Prosecuting this case was an enjoyable change of pace, and the guilty verdict felt particularly rewarding, given all the hours spent studying international treaty law and South African corporate regulations. I hope the next prosecutor who faces similar issues will be able to use this article as a jumping-off point. If you have questions or would like to share your own experiences, feel free to email me at [email protected].

Endnotes


[1]  In South Africa, a lesser form of legal-entity status can be secured by registering as a nonprofit with the Department of Social Development. At trial, Zitha produced an old nonprofit registration in the same name as his alleged orphanage and said it proved his innocence. But because our witness explained it was typical to register as both a corporation and nonprofit, jurors rejected Zitha’s “proof.”

[2]  Jordan-Maier v. State, 792 S.W.2d 188, 190-92 (Tex. App.—Houston [1st Dist.] 1990, pet. ref’d).

[3]  United States v. McGowan, 552 F. App’x 950, 955 (11th Cir. 2014).
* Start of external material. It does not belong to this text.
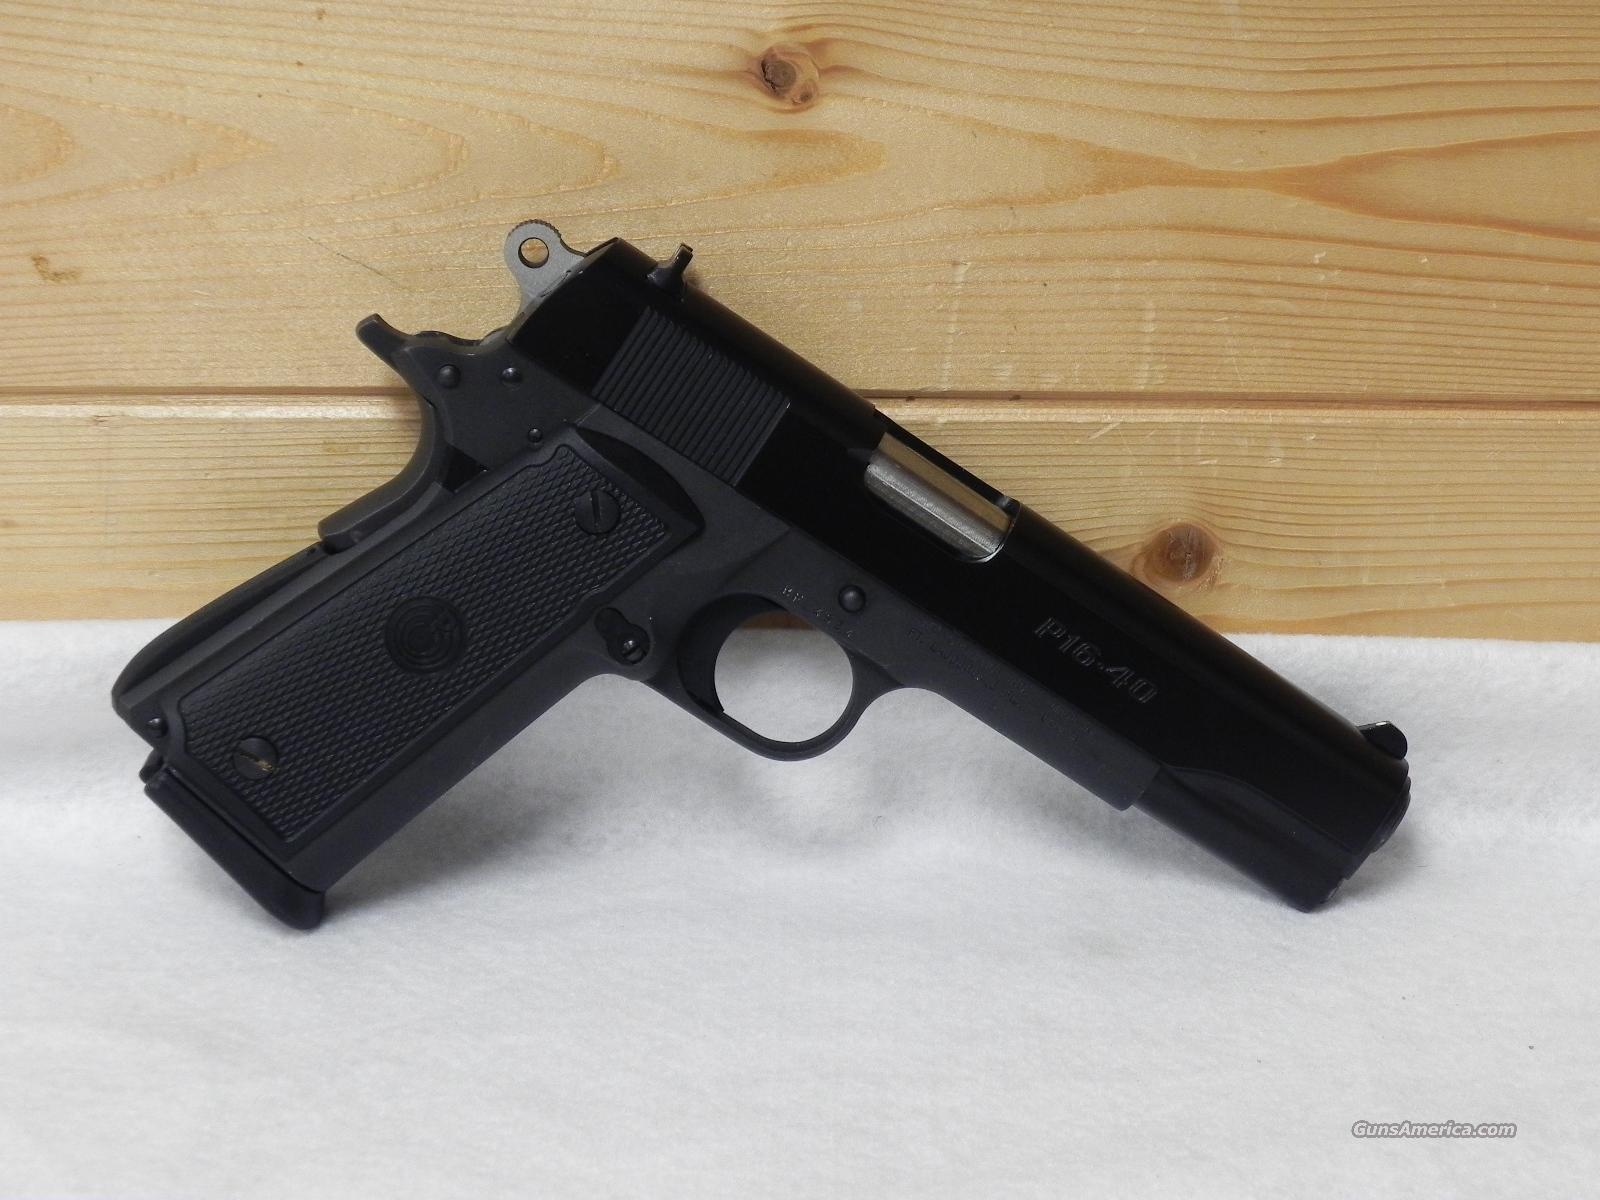 Para-ordnance p-16  40 s&w  Guns > Pistols > Para Ordnance Pistols

[4]  Tex. R. Evid. 902(3) mirrors Fed. R. Evid. 902(3).

[5]  The full title of the treaty is: Convention of 5 October 1961 Abolishing the Requirement of Legalisation for Foreign Public Documents.

[6]   www.hcch.net/en/instruments/conventions/ authorities1/?cid=41.

[7]  The travel restrictions came from President Biden’s Proclamation on the Suspension of Entry as Immigrants and Non-Immigrants of Certain Additional Persons Who Pose a Risk of Transmitting Coronavirus Disease.

[8]  Paul v. State, 419 S.W.3d 446, 459 (Tex. App.—Tyler 2012, pet. ref’d).

[9]  Gonzales v. State, 818 S.W.2d 756, 766 (Tex. Crim. App. 1991).

[10]  Rivera v. State, 381 S.W.3d 710, 713 (Tex. App.—Beaumont 2012, pet. ref’d).

[11]  Haggard v. State, 612 S.W.3d 318, 328 (Tex. Crim. App. 2020).